While the most successful information markets currently do not rely on crypto railroads, we believe they can be enhanced by cryptographic primitives. The design space is either to financialize information itself based on quality or to directly embed these markets into places of first-party information sharing.
Prediction markets like Polymarket are effectively binary call options around future outcomes such as elections or sports events. Historically, they have failed to accumulate enough liquidity or attention to serve as reliable sources of information. In contrast, cultural assets like memecoins or NFTs have proven to have higher attention (and information volume) than closed prediction markets, as they don’t have fixed expiration dates and can have their own lifecycles. For example, trading volumes of NFTs and tokens related to Trump have consistently been higher than those of Polymarket prediction markets.
Therefore, new types of spot assets that directly track attention or information flow may represent proxies more interested in attention or information flow. Embedding these types of assets into news release platforms or editorial publishers may be more appealing than previous binary, fixed-term structures. Just as Numerai borrowed from token-curated registries in running machine learning competitions on obfuscated financial data, we believe a general information market can be built for new categories of information based on the same principles.

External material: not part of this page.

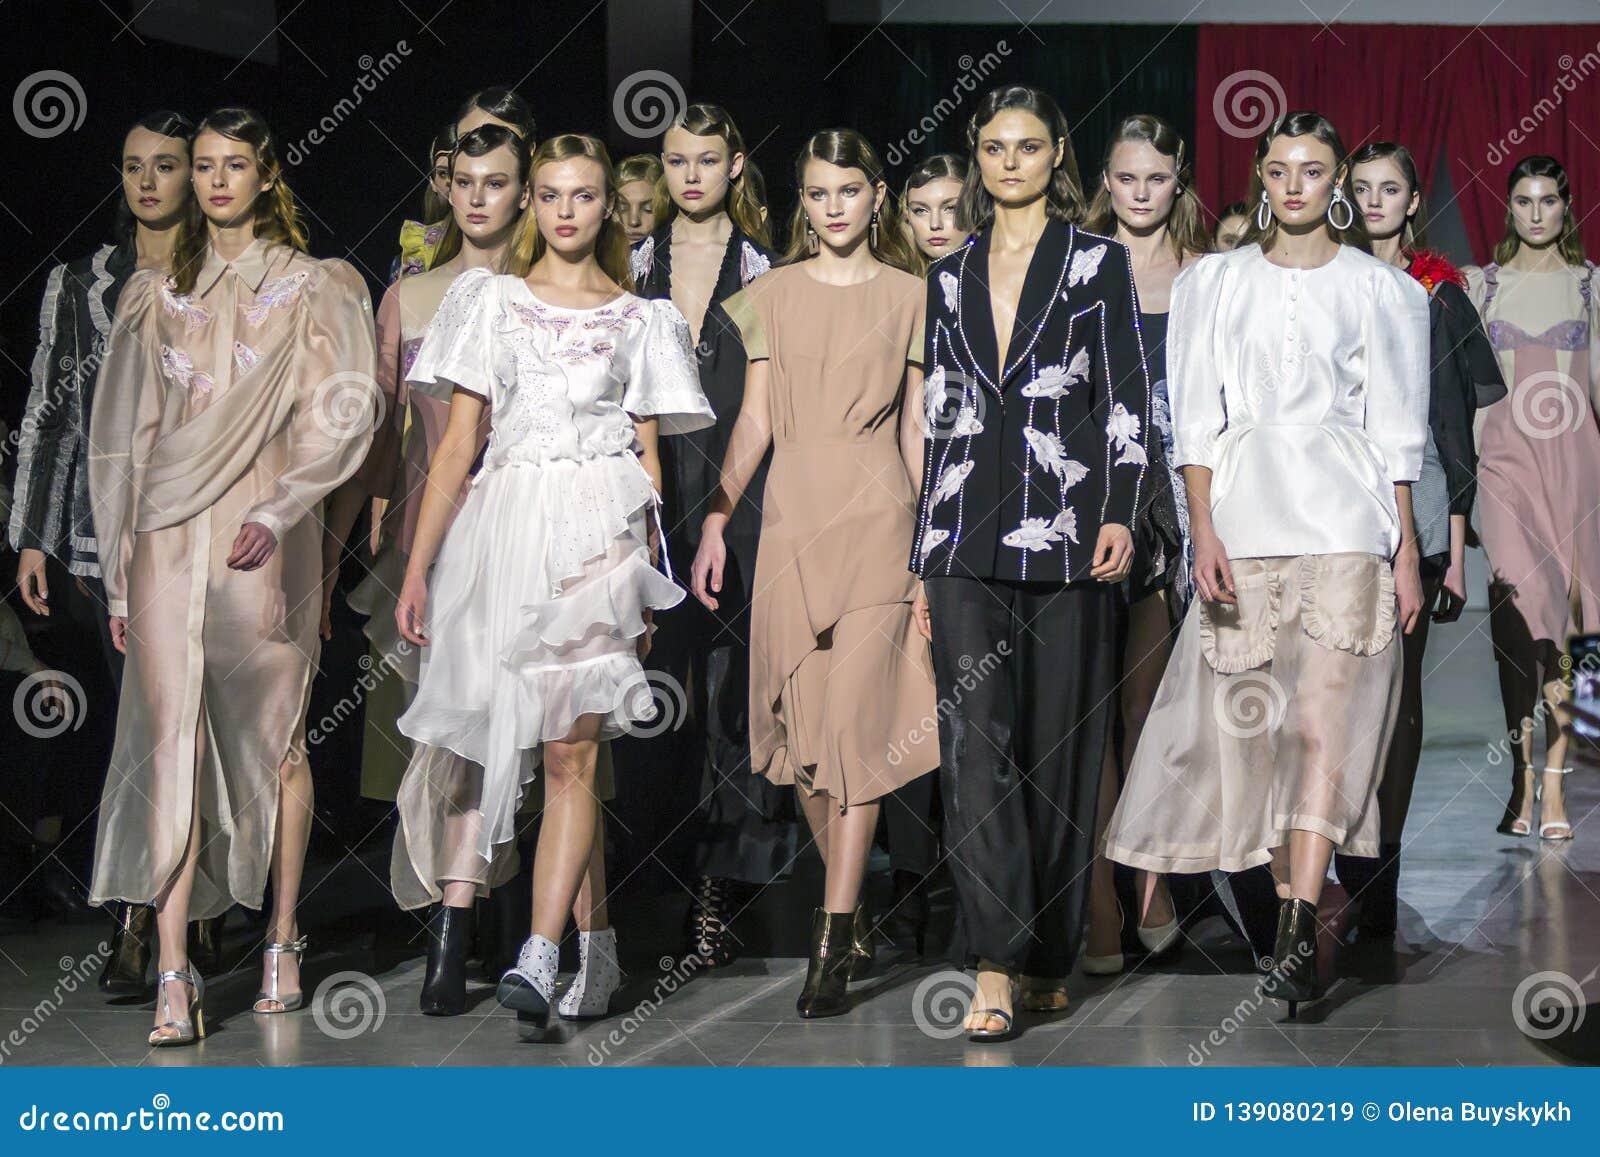 15c666a927c KYIV, UKRAINE - FEBRUARY 5, 2019: DARJA DONEZZ collection show during Ukrainian  Fashion Week 19-20 at Mystetsky Arsenal in Kyiv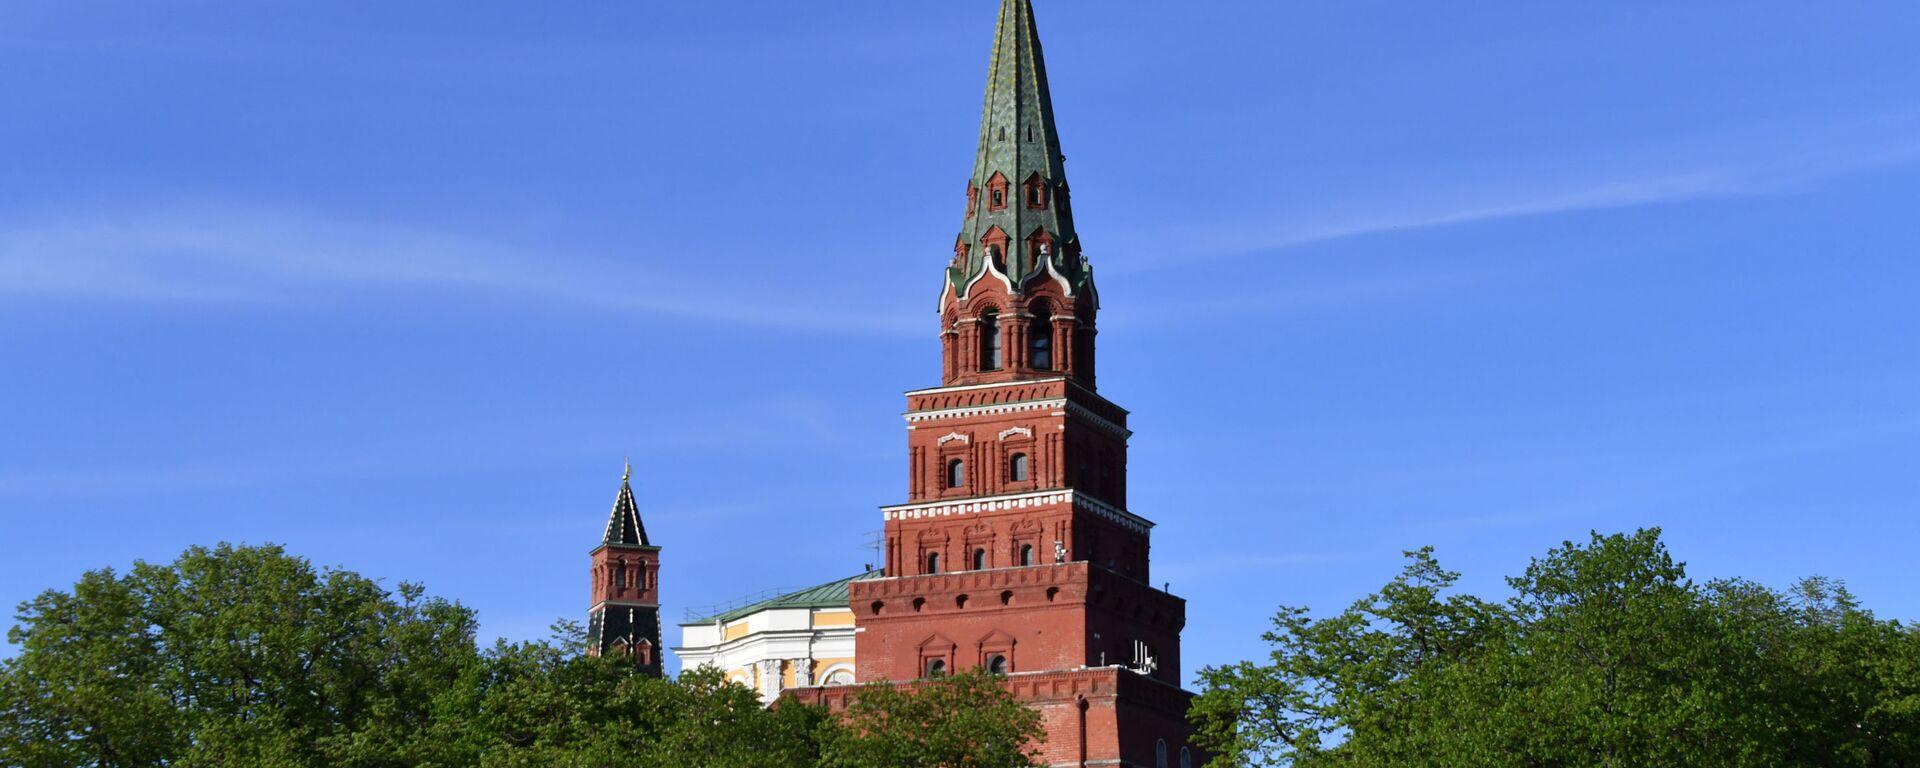 El Kremlin de Moscú, Rusia - Sputnik Mundo, 1920, 29.07.2021

Imagine a forum similar to StackExchange, where votes and reputation primitives have financial value, or a curation board similar to Pinterest, where users can stake their reputation on emerging trends and behaviors. There is a wealth of high-quality information on the internet today that is contributed by users without any financial motivation – what is lacking is proper aggregation and monetization, which is where cryptographic primitives can be most useful.
We are excited about the new manifestations of this argument, which ultimately involve tokenizing intangible qualities in the content network: accuracy, reputation, humor.
Tokens allow communities to focus on novel questions and direct resources towards them. ConstitutionDAO proved that a memecoin can pool enough funds to bid on a rare artifact and the network itself became active after the auction ended.
The key in this case is that when tokens are attached to a mission, they are more likely to coordinate real-world action. This collaborative funding model can support new ventures that are often overlooked by traditional financing and research channels, such as capital-intensive projects like VR headsets, corners of open-source software, art spaces, or drug discovery for rare diseases.
Tokens uniquely facilitate capital formation from decentralized sources and empower capital providers with strong ownership over the capital product. This means that groups from around the world can coordinate capital for large-scale experiments, commodify the results of these experiments, and return the proceeds to token holders.
HairDAO and VitaDAO are examples of this current state. We have already seen new platforms for collaborative research funded and sustained by attention accumulated around various overlooked issues.
Consumer crypto applications will be generative transformations, not imitative ones. The tight connection between crypto-native attention, capital formation, and coordination described in this article is because the primary unlock of crypto is that transactions can happen anywhere. Instead of simply moving existing economies onto the chain, crypto unlocks a new economic layer of attention, where like-minded crowds can exchange minutes for dollars and vice versa.